- Born: 1946 or 1947 (age 79–80) Orange, New Jersey, U.S.
- Education: University of Colorado (BS)
- Occupations: Journalist, author
- Years active: 1978–present
- Children: 1

= Lynne Russell =

American journalist and author (born 1946)

Lynne Russell is an American journalist and author. She was the first woman to solo anchor a prime time network nightly newscast as the host of CNN Headline News from 1983 to 2001, as well as six years as co-host of The Week in Review with Bob Cain on CNN.

==Early life and education==
Russell was born in Orange, New Jersey and raised around the United States, being the daughter of a United States Army officer. Russell graduated from Manzano High School in Albuquerque, New Mexico.
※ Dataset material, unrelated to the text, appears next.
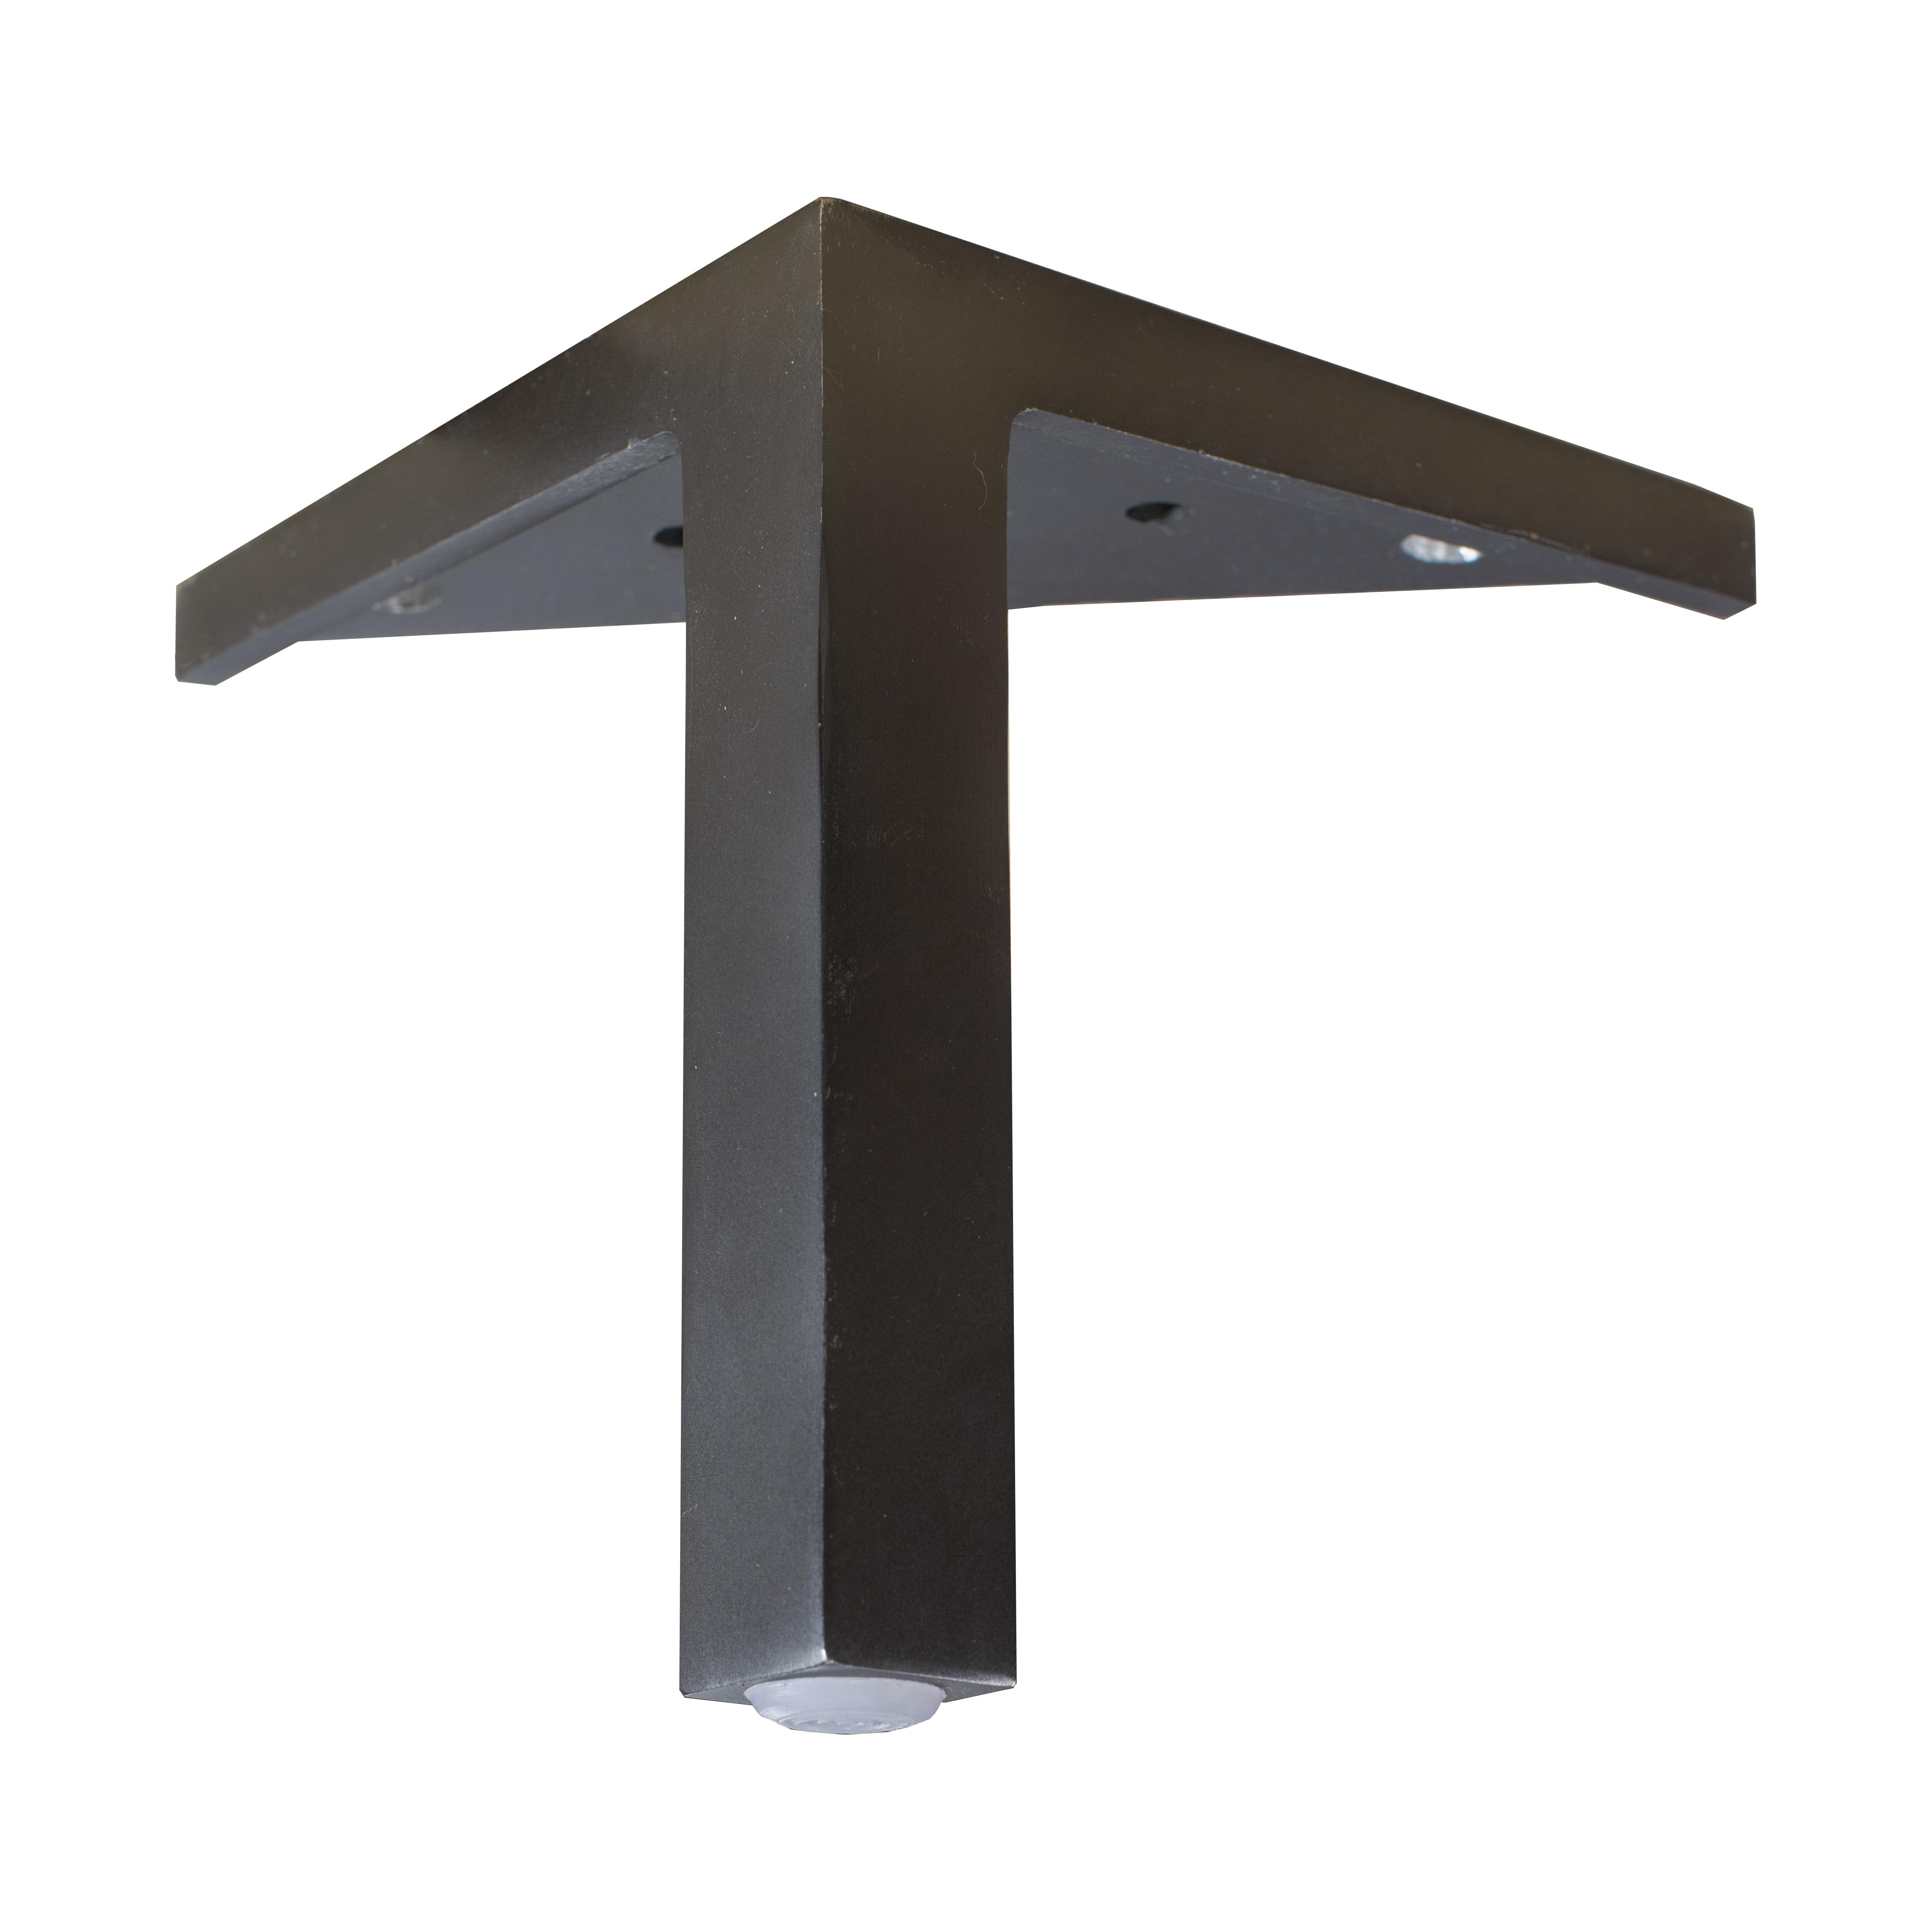 15 cm Mind ben i svart metall med synligt hörnfäste - englesson.se

She attended the University of Colorado, where she majored in nursing.

==Career==
===Television and radio===
Before joining CNN Headline News in 1983, Russell anchored the evening news on KENS in San Antonio in 1980, where she also was an investigative and courthouse reporter. Previously, she served a year as a news anchor and military correspondent for KHON-TV in Honolulu.

From 1978 to 1979 Russell anchored and reported at WTLV-TV in Jacksonville, Florida. Also, from 1971 to 1978 she was Program Director, as well as anchor and host, of a four-hour weekday morning news and interview program at WKAT in Miami.

Russell was the first recipient of the Russell P. Jandoli Excellence in Journalism Award presented by St. Bonaventure University of Western New York.

Russell lived in Toronto for several years, working for CBC Television beginning in 2006 and then at radio station CFRB from 2008 to 2010.

====Private investigator and law enforcement====
Russell is a licensed private investigator who worked as a detective. She also is a first degree black belt in Choi Kwang-Do, and has worked as a bodyguard and Fulton County Deputy Sheriff in the Reserve division.

====Author====
Russell's first book was How to Win Friends, Kick A** and Influence People: A Memoir. Published on November 30, 1999, she shared her life story, including her global travels in her youth and her experiences as a private investigator and bodyguard.

Russell has written two novels in her PJ Santini series, Hell on Heels and Heels of Fortune.

==Survived shootout==
She and her husband Chuck de Caro were on a cross-country trip from Washington, D.C. to California and were spending the night of June 30, 2015 at a Motel 6 in Albuquerque, New Mexico, when an armed man forced his way into their room. De Caro was shot three times; he returned fire, mortally wounding the intruder. De Caro was taken to a hospital for two weeks and recovered. De Caro and Russell filed a lawsuit against Motel 6 and related parties on October 13, 2015, for alleged negligent and reckless security resulting in severe injury, negligent infliction of emotional distress, loss of consortium and Unfair Trade Practices Act violations to motel operators and employees. The suit was dismissed with prejudice on October 18, 2017.